Routing – OSPF between ASA and IOS: Subnet and area design

cisco-asacisco-ios-12ospfrouting

enter image description hereNetwork: 100.10.0.0/21

R1, 100.10.0.9/29 (loopback 100.10.0.1/32)
R2, 100.10.0.10/29 (loopback 100.10.0.2/32)

ASA (active), 100.10.0.11/29
ASA (passive), 100.10.0.12/29

R1 has two bgp transit upstreams. R2 and R1 has iBGP so R2 can route via R1. R2 will, after ospf is confirmed working, get one of the transit upstreams. Both R1 and R2 now has a static route for 100.10.0.0/21 to 100.10.0.11 (asa).

Do I have to divide the /21 subnet into smaller areas, or can it, in its whole, be part of area 0 (if so, I don't understand how R1 or R2 would know to reach everything on the /21 by routing to the asa).

Divide the /21

area 0
    network 100.10.0.8 255.255.255.248

area 1
    network 100.10.1.0 255.255.255.0
    network 100.10.2.0 255.255.255.0
    network 100.10.3.0 255.255.255.0
    network 100.10.4.0 255.255.255.0
    network 100.10.5.0 255.255.255.0
    network 100.10.6.0 255.255.255.0
    network 100.10.7.0 255.255.255.0

OR, have the network as a whole in area 0?

area 0
    network 100.10.0.0 255.255.248.0 

Best Answer

Like Mike said (in the comments) the network command will search for interfaces within that range and start advertising through it. It will also take the subnet of that interface and advertise it into OSPF. A cleaner way of looking at it that now a days instead of giving the network command you can go into an interface and add it to the OSPF proccess. This in turn does the same as the network command (find interface - advertise it)

If you say /24 or /21 doesn´t matter it's just a wider scope for OSPF to search for the interface.

Now back to your issue, the /21 won´t be advertised unless you have an interface as /21 and are advertising it in OSPF. What you could do is a static route (pointing to null0) on the ASA and redistribute it into OSPF (redistribute static subnets). Other methods like summary address are only available in ABR and ASBR (OSPF Border routers).
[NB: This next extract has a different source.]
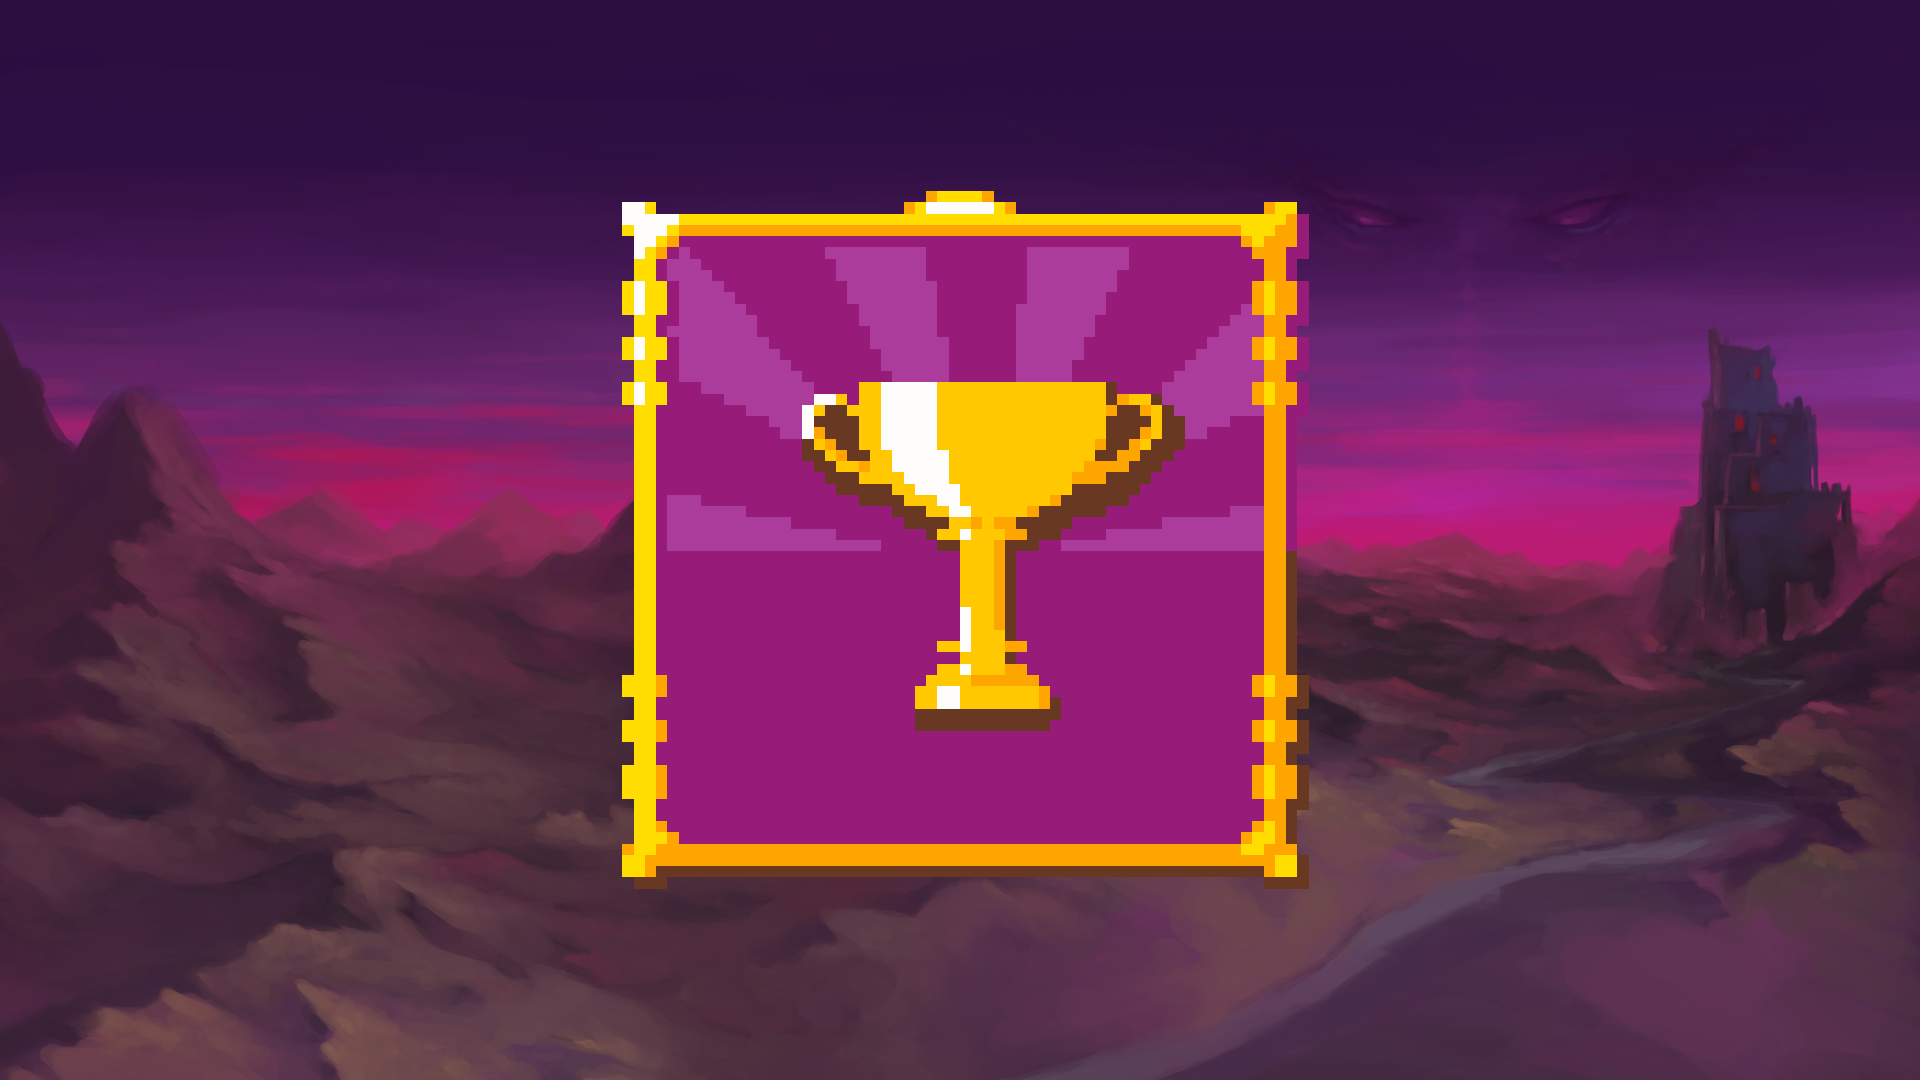 Icon for Victory!

Or you could, if applicable inject a default route in OSPF at the ASA.

The area part totally depends on your setup but if we are only talking OSPF within routers and ASA we can safely assume that one Area 0 will suffice. Try not to get mixed up with areas and networks here. Without going into to much detail and explinations of area and LSA just remember the golden rule, every area has to connect to the center (area 0), and area 0 can not be discontiguous.

Also remember if you want to redistribute iBGP into OSPF you need to allow it within BGP with "bgp redistribute-internal".

Based on your information i hope this is what you where looking for.